Elevated rendering errors

Incident Report for imgix

Postmortem

What happened?

On September 24th 2019 15:04 UTC, the imgix service saw elevated latency when retrieving images via our origin cache. This caused an increase in error rates for newly rendered derivative images. The increase in errors correlates with a moderate (but by no means outside normal) increase in overall traffic.

While the initial outage appeared mitigated by 17:29 UTC, the same symptoms reoccurred the following morning. On September 25th 2019 between 15:10 UTC and 21:36 UTC the imgix service saw severely elevated rendering times with sporadic request errors.

How were customers impacted?

On both September 24th and 25th we observed the same symptom of elevated time requesting original images prior to them being modified for the first time via the imgix rendering stack. The underlying causes did ultimately prove to be unrelated, which resulted in different patterns of error rates between the two incidents.

On September 24th we saw elevated rendering errors throughout the duration of the incident. On September 25th while we did see elevated rendering errors, the nature of them changed (to timeouts) after approximately the first half hour.

What went wrong during the incident?

During both of these incidents we ran into the limits of our internal tooling for request tracing and metrics visualization. This resulted in a slower analysis and identification of a resolution.

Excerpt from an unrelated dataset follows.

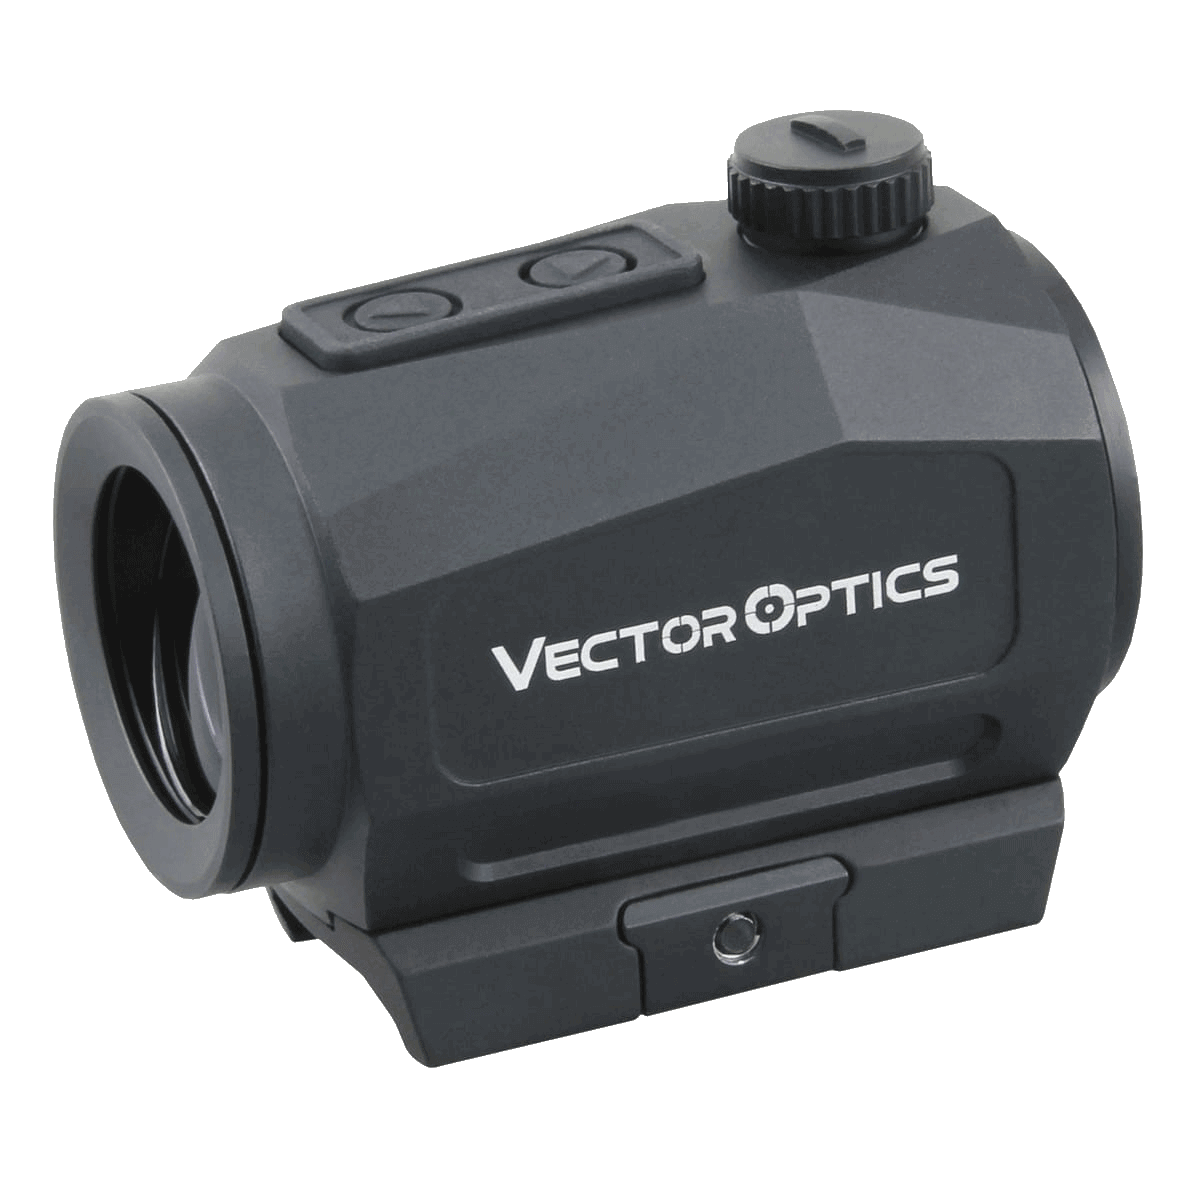 Коллиматор Vector Optics SCRAPPER 1x25 Genll 2MOA крепление на Weaver, совместим с прибором ночного видения (SCRD-46) купить по оптимальной цене,  доставка по России, гарантия качества

Part of the our remediation also helped us realize that our tooling around highly targeted content filtering is lacking. This resulted in a slower time to push out certain changes than is desired.

A conclusive investigation after resolution of the outages was slowed given the combination of back-to-back incidents with strikingly similar symptoms. This had resulted us in treating the two incidents as related; however, once we began analyzing collected metrics it became clear that underlying causes were in fact different.

What will imgix do to prevent this in the future?

We have already tuned configurations that will allow the service to function more optimally during origin slowdowns and have rolled out additional logging and dashboards that will help us identify rendering imbalances during an incident.

We are revisiting the majority of our metric visualizations used internally, beginning with the components of our rendering stack which were affected the most severely during September 24th and 24th. The driving hope here is that we are able to have a better understanding of the ideal operating characteristics of the imgix rendering stack as we continue to extend and improve it.

We will be also embarking on longer term projects to enable a speedier means of enabling certain forms of content filtering, and to increase fault isolation when origin hosts behave in unexpected ways.

Posted Oct 04, 2019 - 17:19 PDT

Resolved

Rendering performance has returned to normal.

Posted Sep 24, 2019 - 11:57 PDT

Monitoring

We have identified the issue and have implemented a fix. Error rates are returning to normal levels. We will continue monitoring the situation.

Posted Sep 24, 2019 - 10:29 PDT

Update

We are applying some fixes and are continuing to track down the root cause of the issue.

Posted Sep 24, 2019 - 10:08 PDT

Investigating

We are investigating elevated rendering errors on uncached derivative images. Previously rendered and cached images are not impacted. We will update once we have more information.

Posted Sep 24, 2019 - 08:39 PDT

This incident affected: Rendering Infrastructure.